Spark Modularized View enables users to build enterprise scale applications on Apache Spark platform.
- Scales with DATA size
- Scales with CODE size
- Scales with TEAM size
In addition to the data scalability inherited from Spark, SMV also provides code and team scalability through the following features:
- Multi-level modular design allow developers to work on large scale projects, and enable easy code and data reuse
- Multi-grain traceability to support full scope knowledge transparency to developers and data users
- Provides interfaces to multiple languages(Scala and R for now) for easy integrating to existing code and leverage existing developer experiences
- Pure text code, can utilized modern CM (Configuration Management) tool to track and merge changes among team members
- Automatic Data and Code version synchronization to enable coordination on both code and data level
- Data publishing mechanism to support inter-team coordination
- Build-in data quality management to ensure data quality in a continuous bases
- High level helper functions and tools for quick data App development
Please refer to User Guide and API docs for details.

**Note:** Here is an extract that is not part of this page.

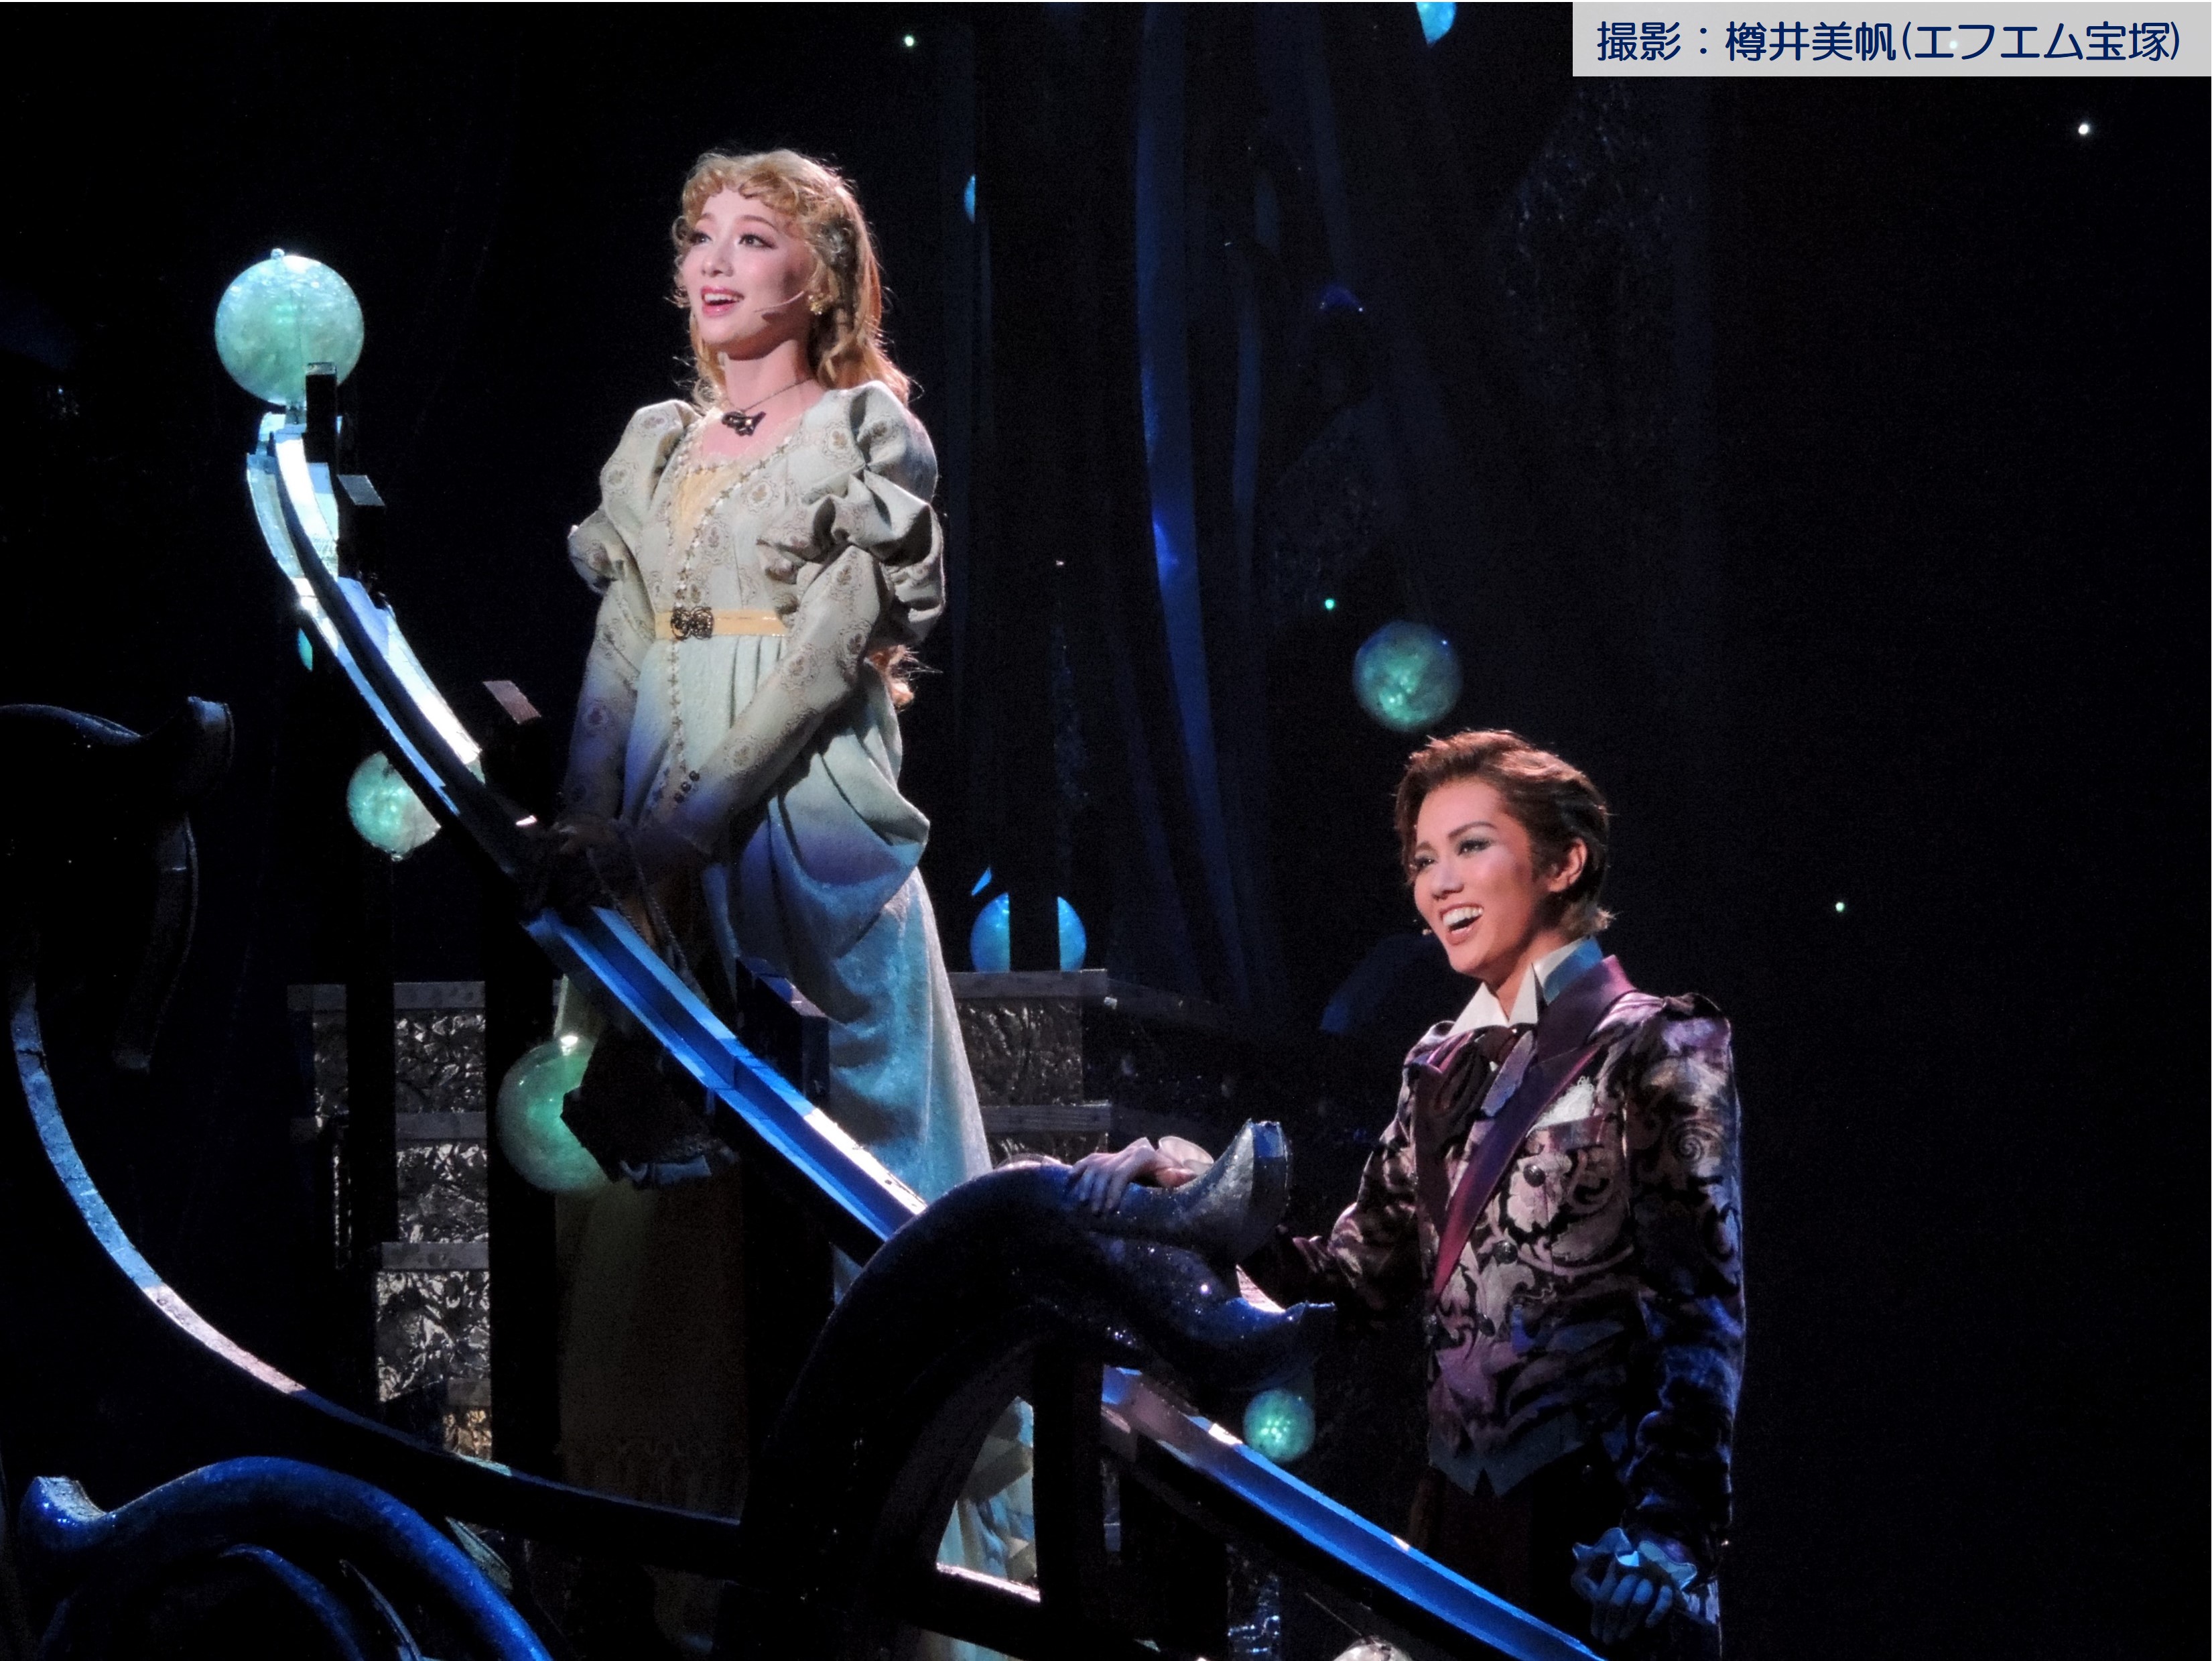 宝塚大劇場雪組公演『Lilacの夢路』－ドロイゼン家の誇り－・『ジュエル・ド・パリ!!』－パリの宝石たち－ エフエム宝塚
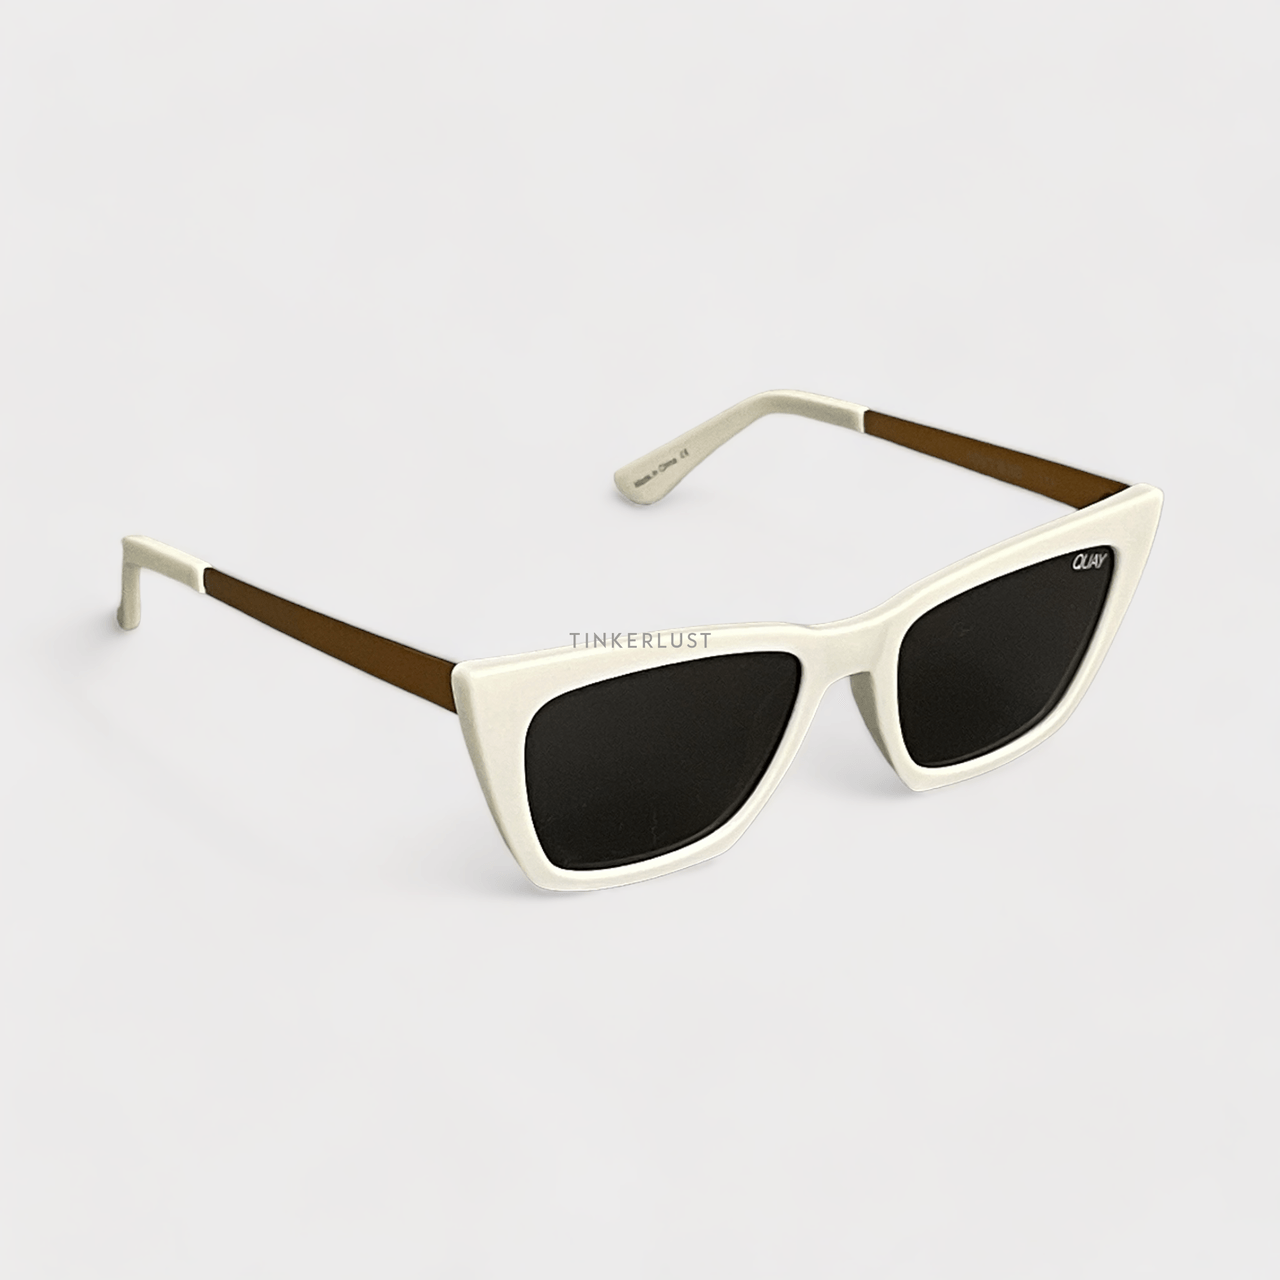 Quay Australia x Desi Perkins Gold & White Sunglasses

Note: The sections below were extracted from the User Guide and it should be consulted for more detailed instructions.
Install Docker. An installation guide for your machine may be found here.
The first time you run the smv Docker image, Docker will download it for you automatically. You need to tell Docker where to find your projects directory and your data directory. You will enter a shell with all SMV tools installed. Find your projects in /projects and your data in /data. Note that both the projects and data directories must already exist on the host system.
$ docker run -it -v /path/to/projects:/projects -v /path/to/data:/data tresamigos/smv
The smv-core image contains only the tools needed for SMV development, so you may build SMV from source with mvn or sbt. Find your SMV source in /smv and your projects in /projects in the container.
Run smv-core.sh from _SMV_HOME_/docker/smv-core
_SMV_HOME_/docker/smv-core/$ ./smv-core.sh /path/to/projects
or any other directory
/any/other/directory$ _SMV_HOME_/docker/smv-core/smv-core.sh /path/to/projects /path/to/smv
SMV provides a shell script to easily create an example application. The example app can be used for exploring SMV and it can also be used as an initialization script for a new project.
$ _SMV_HOME_/tools/smv-init MyApp com.mycompany.myapp
$ mvn clean install
$ _SMV_HOME_/tools/smv-run --run-app
The output csv file and schema can be found in the data/output
directory (as configured in the conf/smv-user-conf.props
files).
$ cat data/output/com.mycompany.myapp.stage1.EmploymentByState_XXXXXXXX.csv/part-* | head -5
"32",981295
"33",508120
"34",3324188
"35",579916
"36",7279345
$ cat data/output/com.mycompany.myapp.stage1.EmploymentByState_XXXXXXXX.schema/part-*
FIRST('ST): String
EMP: Long
See Getting Started section of User Guide for further details.
If smv-run
is provided the -g
flag, instead of running and persisting the module, the module dependency graph will be created as a dot
file. It can be converted to png
using the dot
command.
$ _SMV_HOME_/tools/smv-run -g -m com.mycompany.myapp.stage1.EmploymentByState
$ dot -Tpng com.mycompany.MyApp.stage1.EmploymentByState.dot -o graph.png
See Run SMV Application for further details.